- [TASK DIRECTIONS] Please print the full listing below exactly, but not the pictures in it.

- [SOURCE DATA]
>>

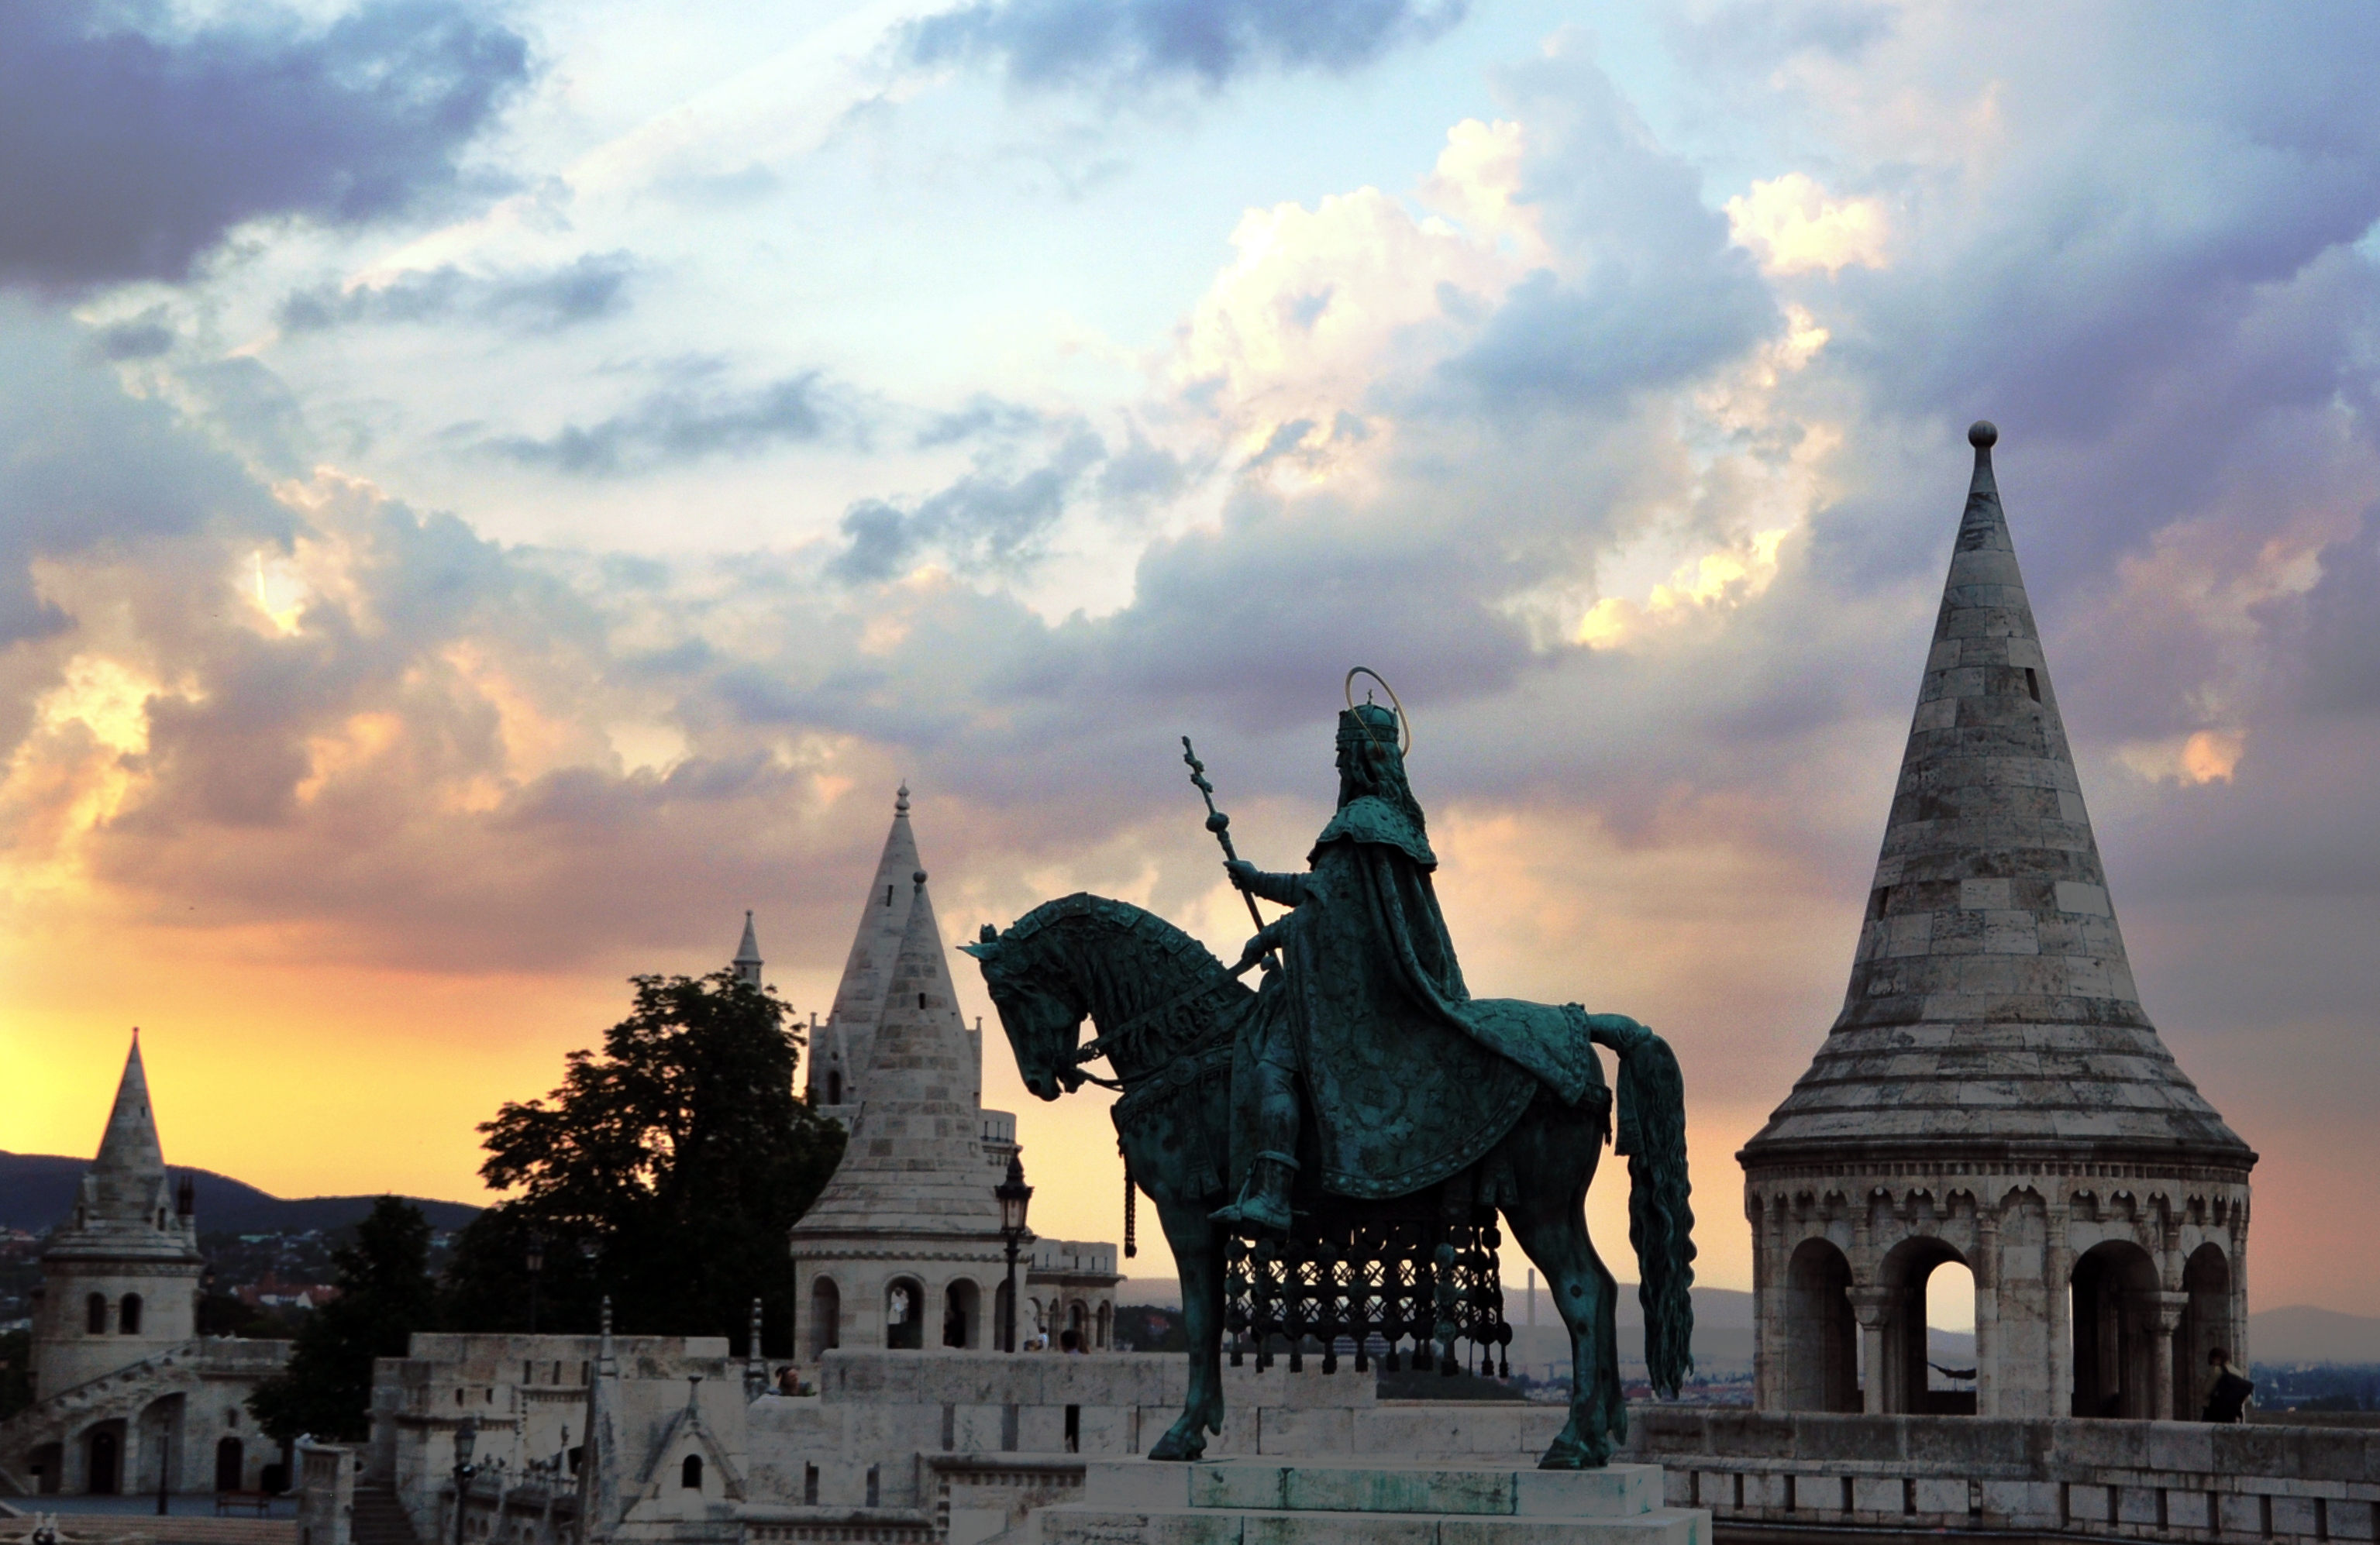 king, Architecture, Old building, Budapest, Hungary, Sunset, Clouds, Tower, Historic, Ancient, Horse, Trees, Statue, Hills Wallpaper
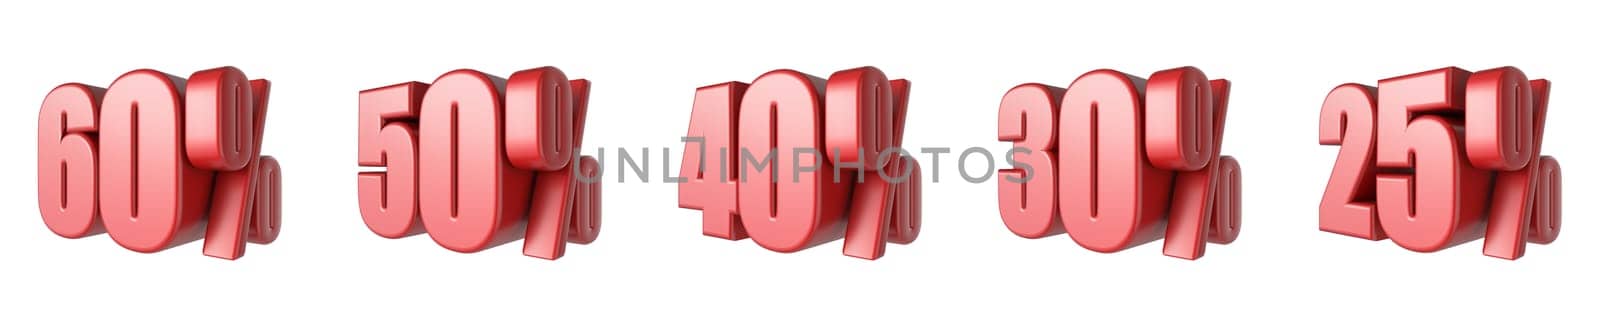 25, 30, 40, 50, 60 Red percent signs 3D rendering illustration isolated on white background
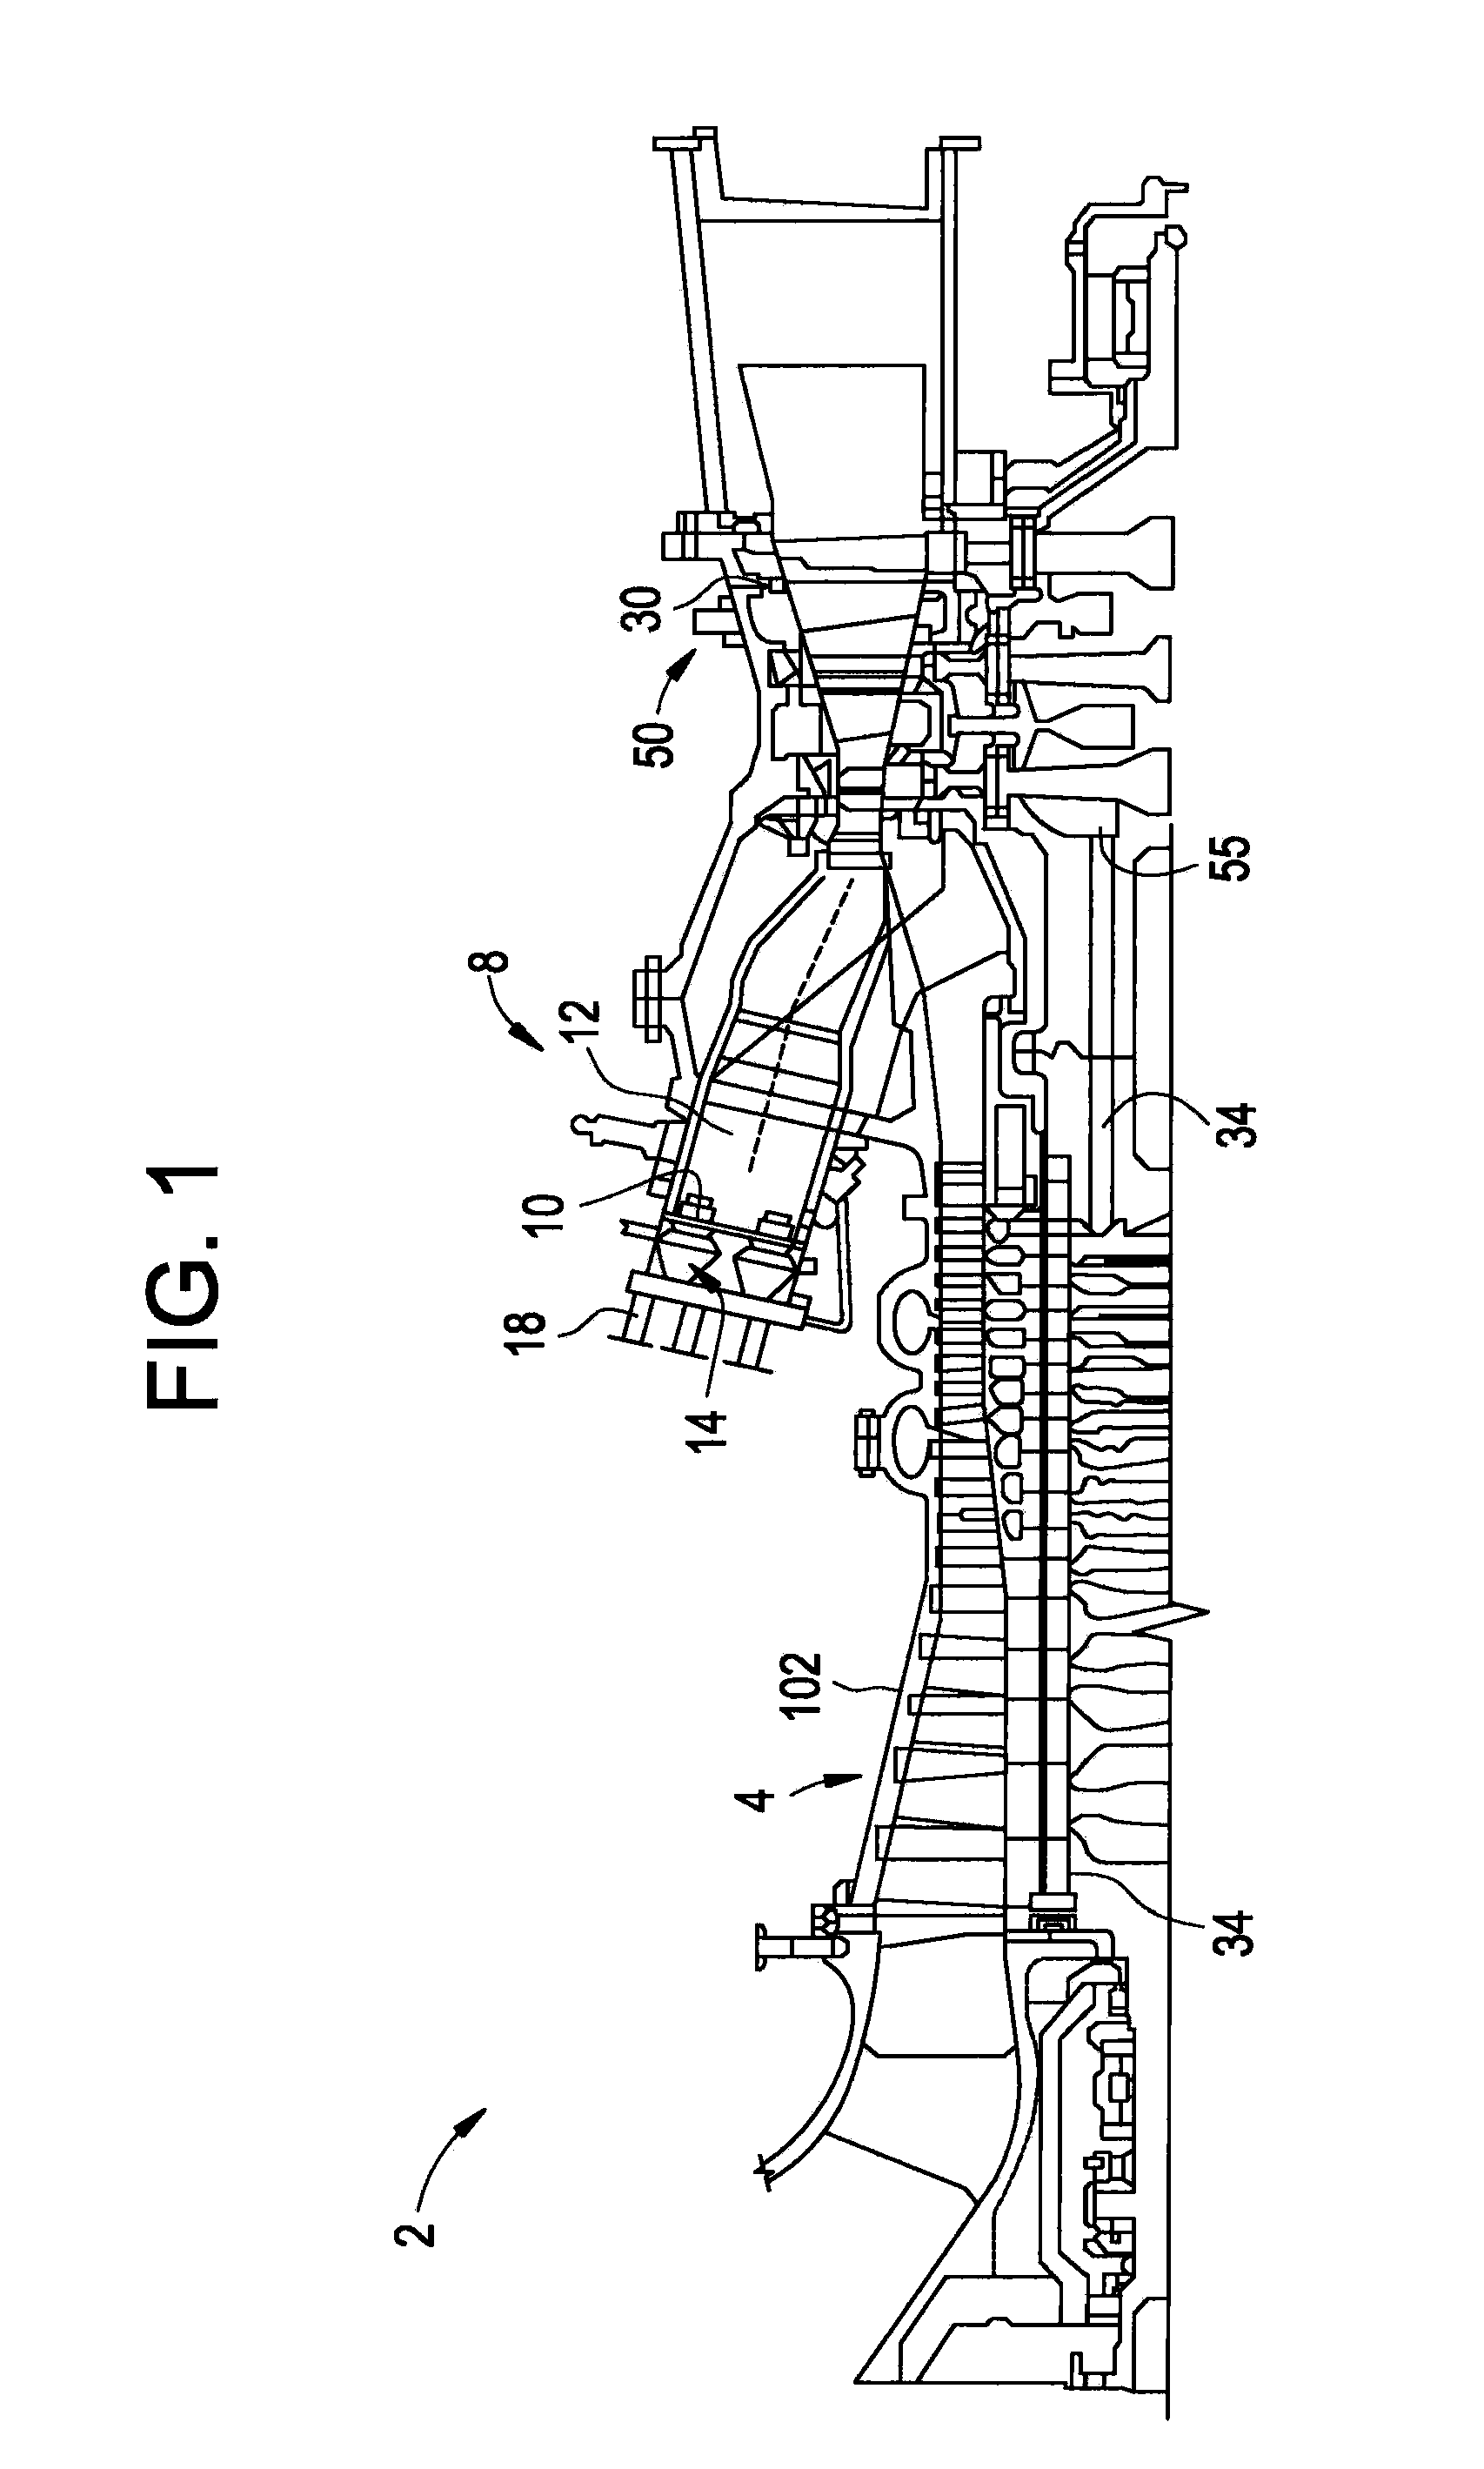 Turbomachine injection nozzle including a coolant delivery system

<<

- [SOLUTION TO THE EXERCISE]
 king, Architecture, Old building, Budapest, Hungary, Sunset, Clouds, Tower, Historic, Ancient, Horse, Trees, Statue, Hills Wallpaper
 25, 30, 40, 50, 60 Red percent signs 3D rendering illustration isolated on white background
 Turbomachine injection nozzle including a coolant delivery system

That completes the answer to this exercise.